Solid food delivered from the esophagus into the fundus is associated with receptive relaxation of the fundus, the “work” of fundic muscle relaxation. As the fundic smooth muscle relaxes, larger amounts of solid or liquid food are accommodated in the fundus and proximal corpus with little or no increase in intraluminal pressure. Liquids, in contrast, are immediately distributed throughout the antrum and corpus (emptying of liquids is discussed in the next section). Relaxation of the fundus occurs before the work of trituration in the corpus-antrum and is a vagal nerve–mediated event that requires nitric oxide.45,46 Figure 48-9 shows an example of the changes in intragastric volume during relaxation of the fundus and proximal corpus in response to a caloric meal.47 Relaxation of the fundus and the stimulation of mechanoreceptors (stretch), mediated through IM-ICCs in the fundic wall, activate vagal afferent neurons and vagovagal reflexes. These reflexes involve the nucleus of the tractus solitarius and efferent neurons from the dorsal motor nucleus of the vagus. Vagal excitatory neurons are inhibited and the vagal inhibitory neural transmitters nitric oxide and vasoactive intestinal peptide (VIP) are released to accomplish receptive relaxation.
Other factors influence the muscle tone of the fundus. Antral distention, duodenal distention, duodenal acidification,48 intraluminal perfusion of the duodenum with lipid or protein, and colonic distention all decrease fundic tone through various reflexes. The gastric reflex is mediated through an arc initiated by capsaicin-sensitive afferent vagal nerves and is mediated by 5-hydroxytryptamine-3 (5-HT3), gastrin-releasing peptide (GRP) and CCKA receptors.49
Solid foods labeled with technetium are accommodated initially in the fundus and proximal corpus, and by obtaining frequent scintigraphic images, the distribution of the labeled solid meal can be followed over four hours using scintigraphic methods.43 Figure 48-10 shows that immediately after ingestion of this solid meal, the food is accommodated and the majority of the meal is retained in the fundus and proximal corpus. Subsequently, contractions of the fundus press portions of the food into the corpus and antrum for trituration. This early postprandial period of accommodation and trituration, that occurs before gastric emptying of the nutrients, is termed the lag phase. The lag phase may last from 45 to 60 minutes for solid foods, but the duration of the lag depends on the components of the meal, the thoroughness of chewing the food, and the time required to ingest the meal. For the 255-kcal egg substitute test meal that is ingested in a 10-minute period, the lag phase is 30 to 45 minutes.
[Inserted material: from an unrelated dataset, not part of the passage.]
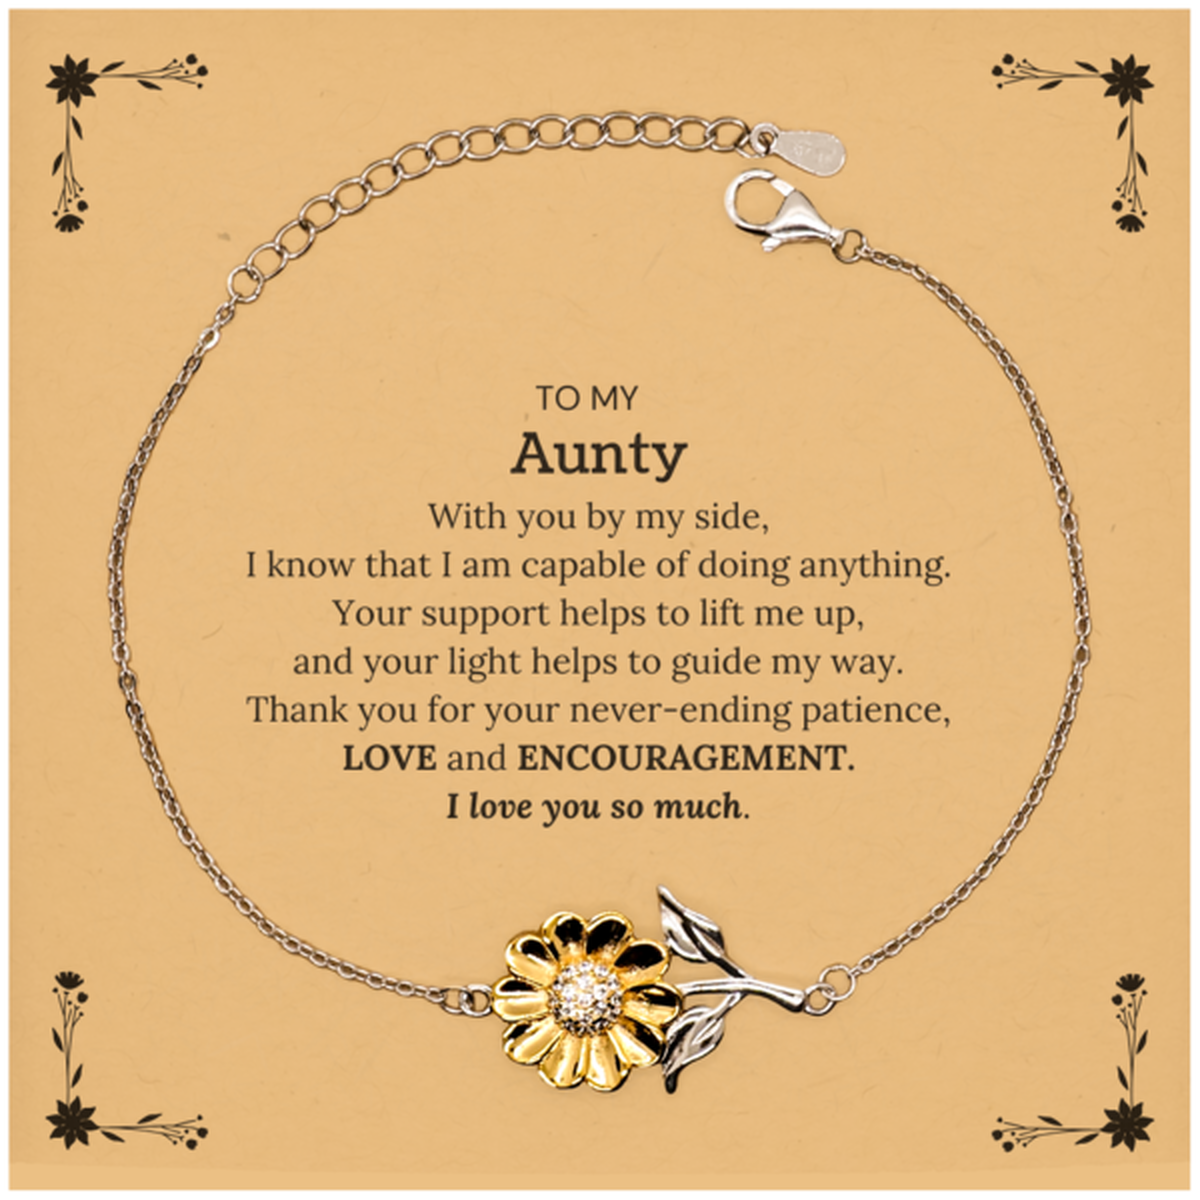 Appreciation Aunty Sunflower Bracelet Gifts, To My Aunty Birthday Christmas Wedding Keepsake Gifts for Aunty With you by my side, I know that I am capable of doing anything. I love you so much

Once portions of the meal have been triturated into 1- to 2-mm particles suspended in gastric juice, the linear phase of gastric emptying of the chyme begins. Recurrent gastric peristaltic waves mix saliva, acid, and pepsin with the chewed food and then mill the food to produce chyme. The normal peristaltic waves occur every 20 seconds, generated by 3 cpm slow waves linked to plateau and action potentials. In healthy subjects approximately 60% of the egg substitute meal is emptied in two hours and more than 95% is emptied at four hours (Fig. 48-11).43
Figure 48-11. Solid phase gastric emptying curve for 123 subjects after ingestion of a 255-kcal substitute egg meal, the same meal shown in Figure 48-10. Note that only approximately 15% of the eggs are emptied in the first 45 minutes, the lag phase of gastric emptying of this meal. At 90 minutes approximately 50% of the meal has been emptied and 50% is retained. By 240 minutes more than 95% of the meal has been emptied.
(Modified from Tougas G, Eaker EY, Abell TL, et al. Assessment of gastric emptying using a low fat meal: Establishment of international control values. Am J Gastroenterol 2000; 95:1456-62.)
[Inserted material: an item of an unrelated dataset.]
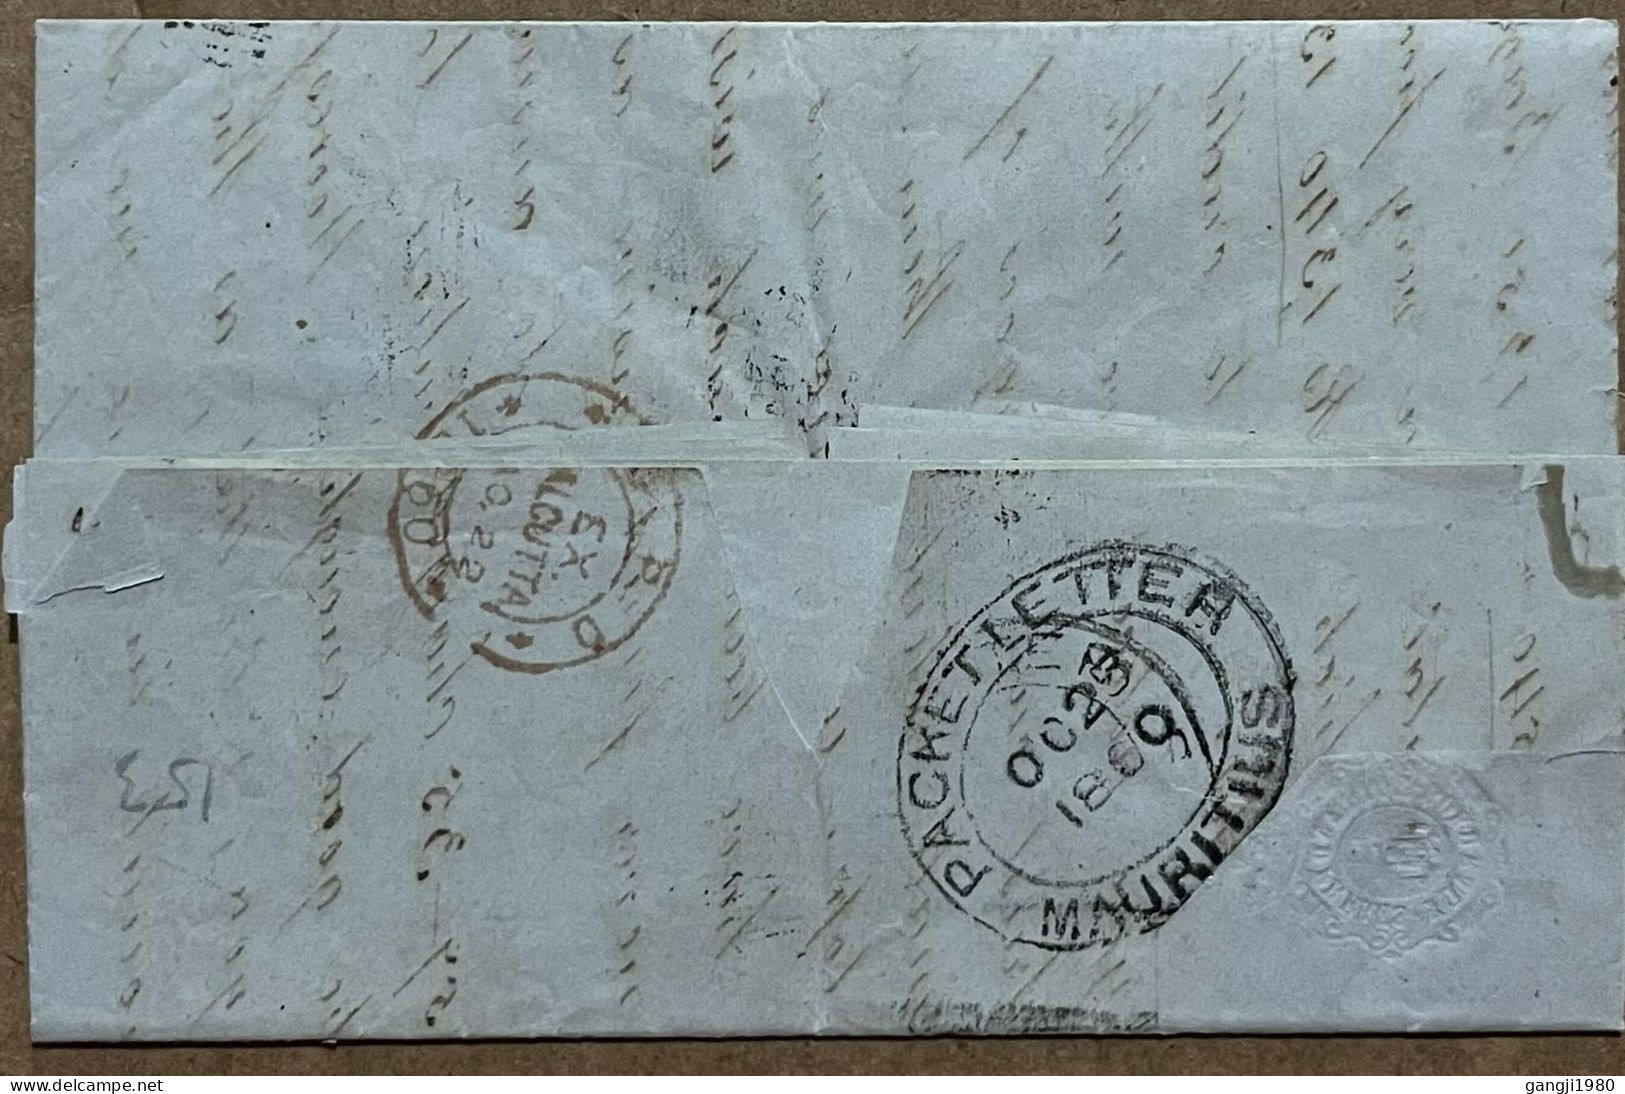 INDIA TO MAURITIUS 1860, INDIA PAID IN BOX, PACKET LETTER MAURITIUS & CALCUTTA RED CANCEL, STEAMER BENGAL VIA ADEN HAND - 1858-79 Compagnie Des Indes & Gouvernement De La Reine

During the linear phase of gastric emptying, each peristaltic wave empties from 3 to 4 mL of chyme into the duodenum.50,51 Movement of chyme into the duodenum is usually, but not always, pulsatile due to the systole-like effect of antral peristaltic waves.51 The volume of chyme delivered into the duodenum by each peristaltic wave is modulated by the configuration of the peristaltic wave (e.g., depth of contraction, length of the peristaltic wave) pressure within the stomach, and resistance to flow provided by the pyloric sphincter and duodenal contractions.52,53 The gastric peristaltic wave delivers a larger stroke volume when the pylorus and the duodenum are relaxed to receive the aliquot of chyme, but the overall rate of calories delivered each minute to the duodenum is consistent at approximately 3 to 4 kcal/min.54
As time elapses after ingestion of the meal, the chewed food is continually redistributed from the fundus to the antrum for trituration (see Figs. 48-8 and 48-10). Some gastric peristaltic waves end at various points in the antrum and others end with a terminal antral contraction associated with closure of the pylorus that prevents the emptying of larger food particles or indigestible solids. These terminal antral and pyloric contractions result in retention of the solid particles in the corpus and antrum. In this manner, solid food particles that require further trituration are retained and subjected further to the milling effects of the recurrent peristaltic waves (see Figs. 48-7B and 48-8).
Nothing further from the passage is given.